For people who would like to dig in further in advance of the webinar, Gary, Emily, Hannah, Gina, and I collected the following background readings:
- First report of the Patient-Led Research Group within Body Politic
- Patients’ experiences of “longcovid” are missing from the NHS narrative (British Medical Journal Blog; July 10, 2020)
- Trish Greenhalgh: Towards an institute for patient-led research (British Medical Journal Blog; November 12, 2019)

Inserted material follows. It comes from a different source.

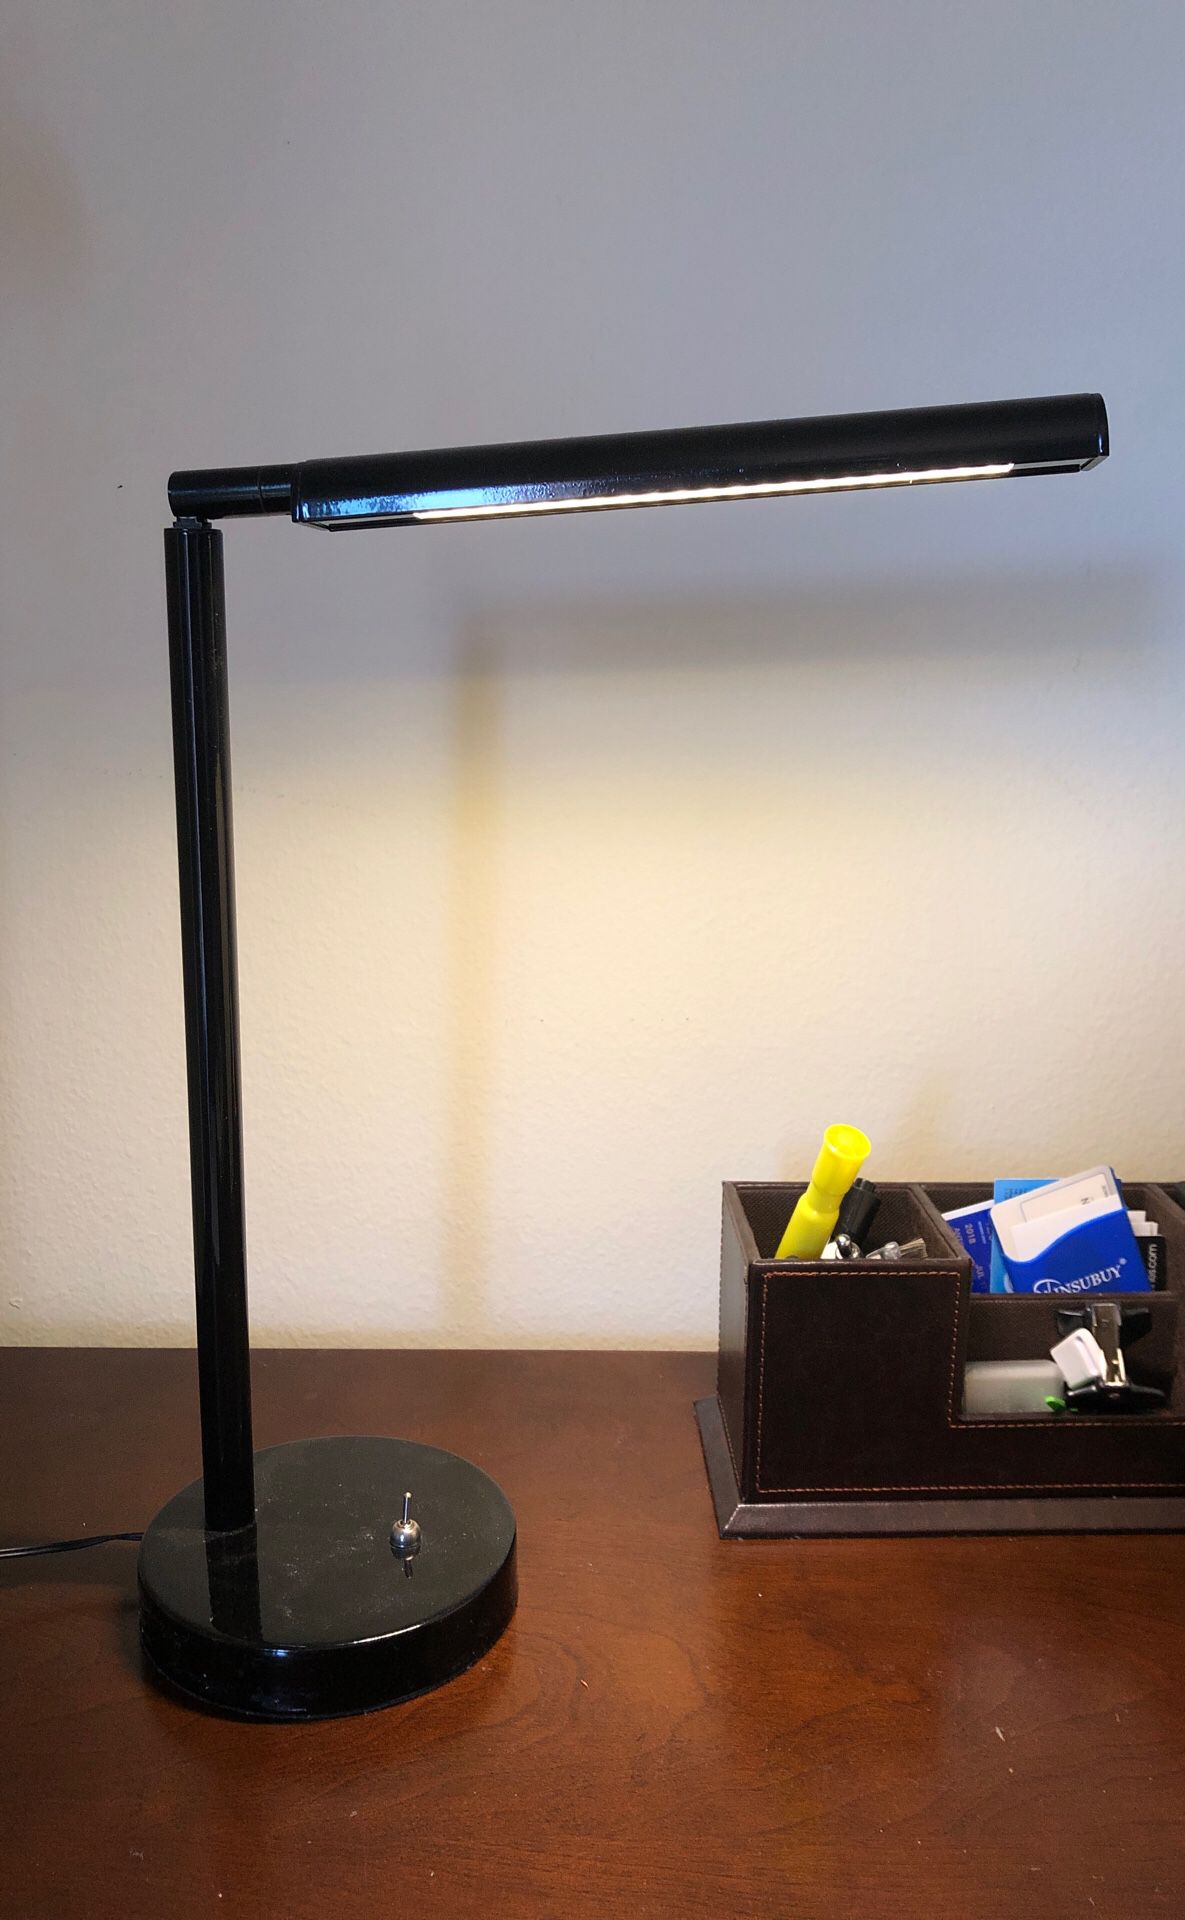 Elegant Desk Lamp

- COVID-19 Global Rheumatology Alliance Patient Experience Survey
- Capturing Patient‐Reported Outcomes During the COVID‐19 Pandemic: Development of the COVID‐19 Global Rheumatology Alliance Patient Experience Survey
- Epidemiology and outcomes of novel coronavirus 2019 in patients with immune-mediated inflammatory diseases (Current Opinion in Rheumatology; July 15, 2020)

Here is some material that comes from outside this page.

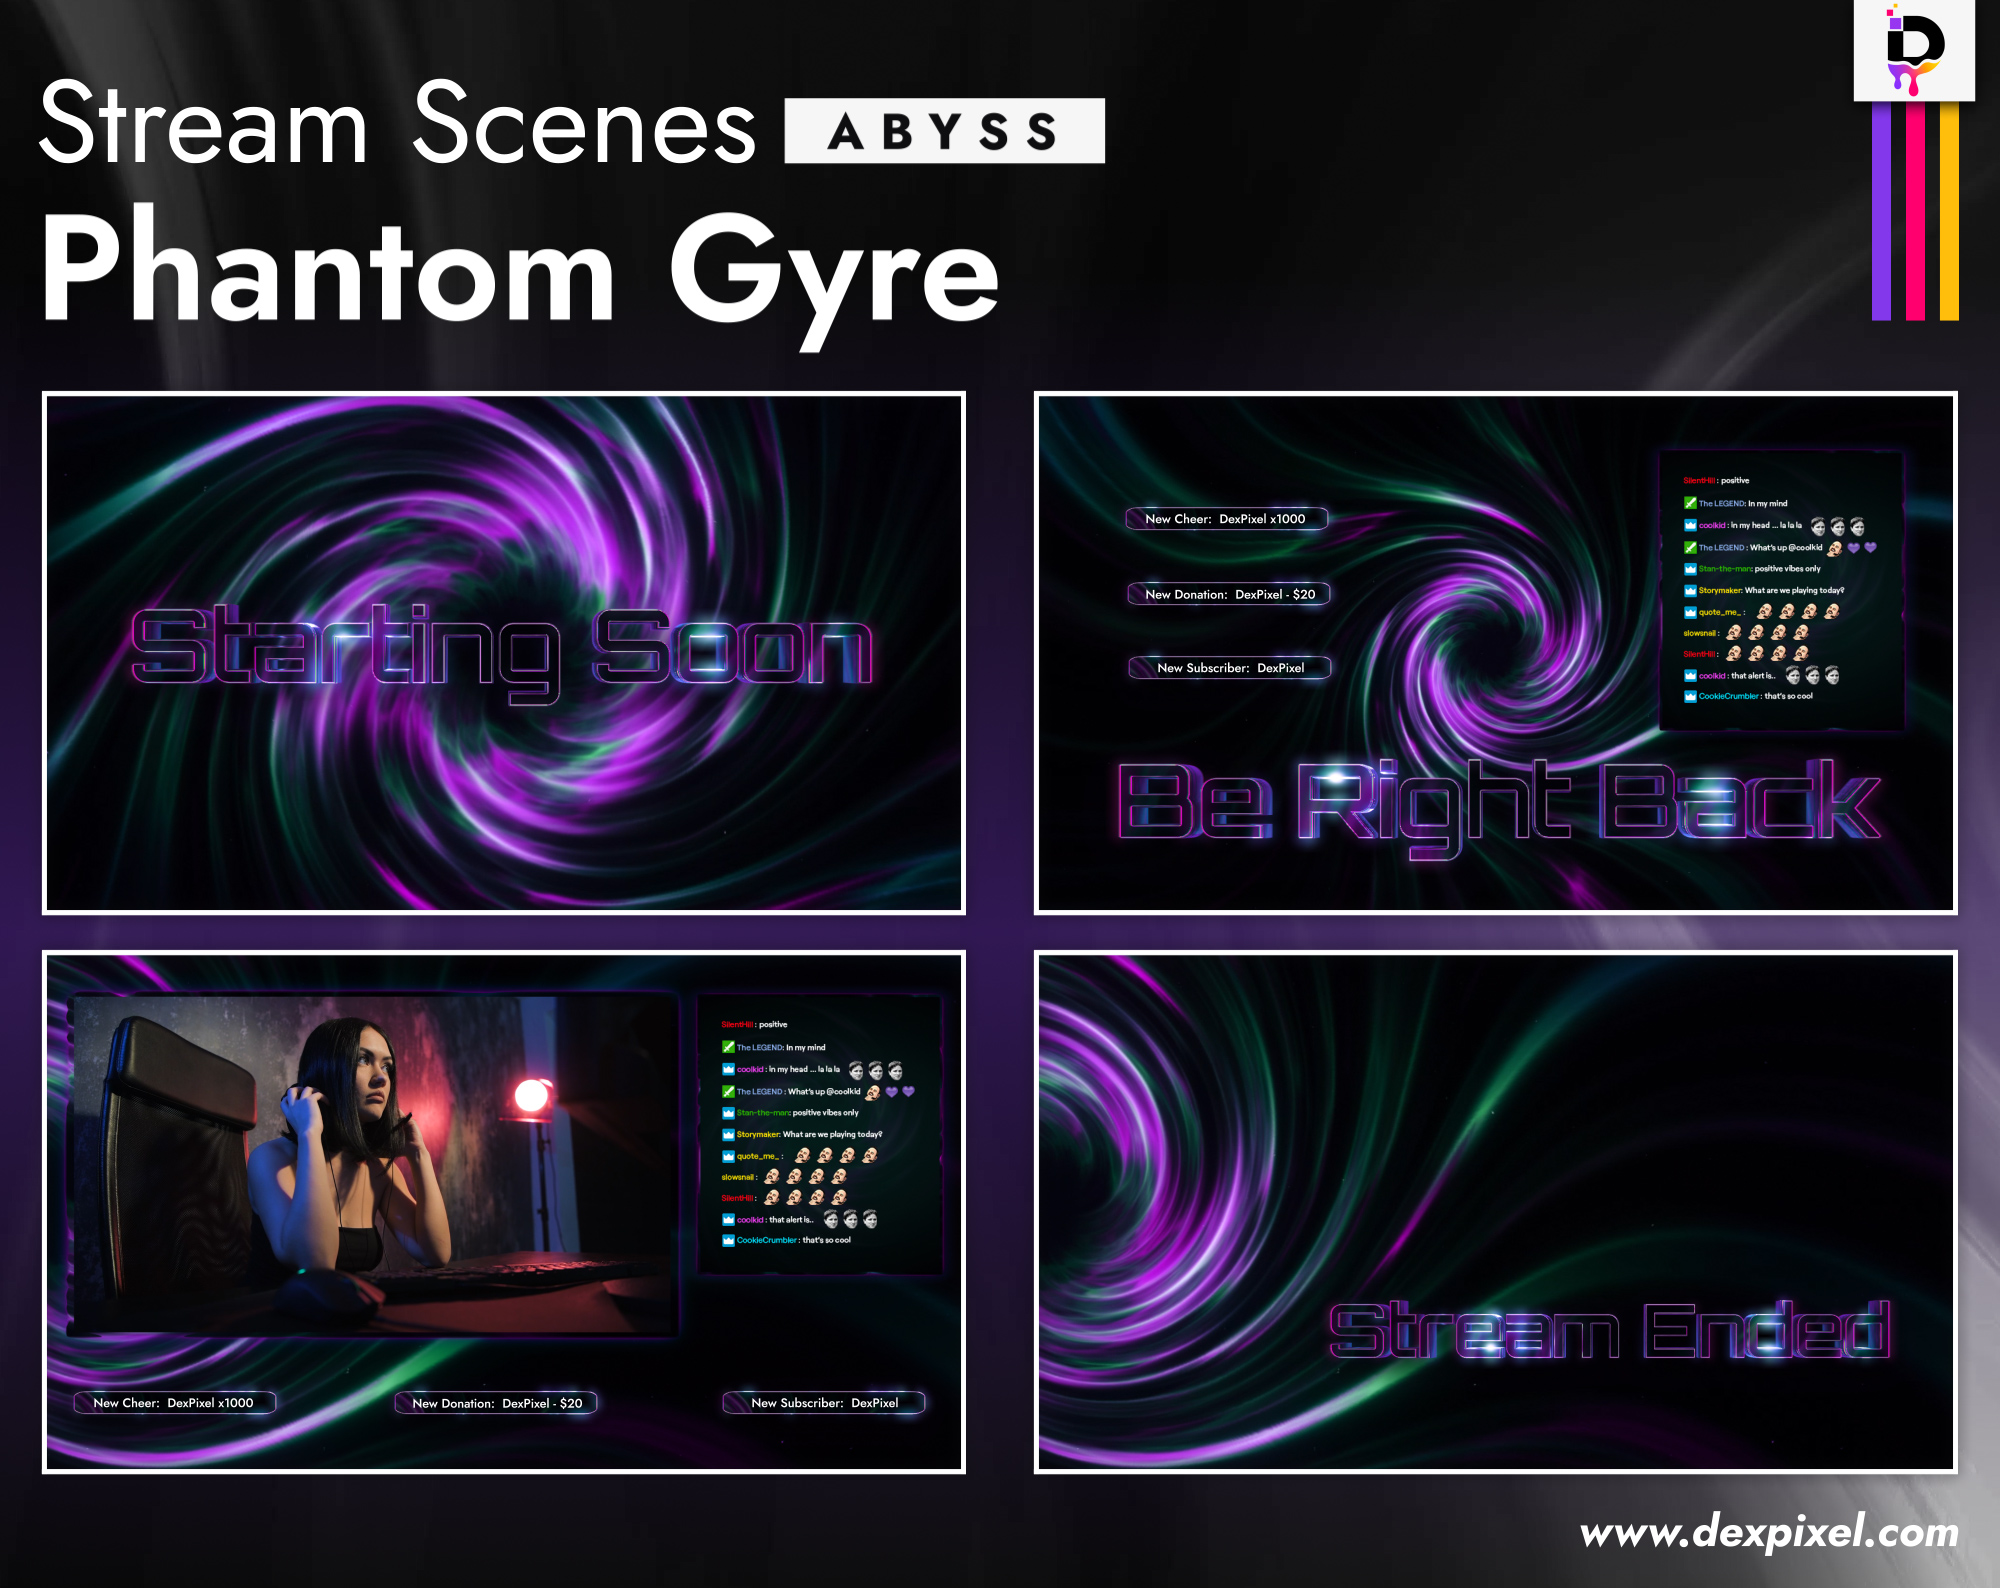 Stream Scenes Dexpixel Thumbnail Phantom Gyre Abyss

- A Conceptual Framework for Personal Science (Frontiers in Computer Science; June 20, 2020)
What questions or comments do you have for us, in advance of the webinar? What topics, data, examples would you bring to this audience of clinicians, researchers, patient advocates, funders, and other interested parties?
Image credit: Dandelion seed, by Charlie Marshall on Flickr. I chose this image for its beauty and symbolism — every seed carries potential, just as every person does, too. I also like the symbolism of a flower that is seen as a weed. Peer-to-peer health care is growing up between the cracks of the mainstream system like a tenacious, beautiful weed. How might we unleash and nurture these powerful seeds of change?
Maarten says
Here’s an interesting add-on we have on COVID19 data in NL: large cohort studies that e.g. show patient anxiety, connectedness, WFH, unemployment, worrying, sleeplessness etc https://coronabarometer.nl
Susannah Fox says
Thanks for making the jump from Twitter! We have so much to learn from other countries’ and regions’ approach to tracking and understanding this virus and its effects. Please, let’s keep sharing our insights & resources (and a big thank you to the @LifelinesNL team for providing an English-language version of their site).
Helen Burstin says
Thank you so much, Susannah for leading our upcoming webinar! Please join us!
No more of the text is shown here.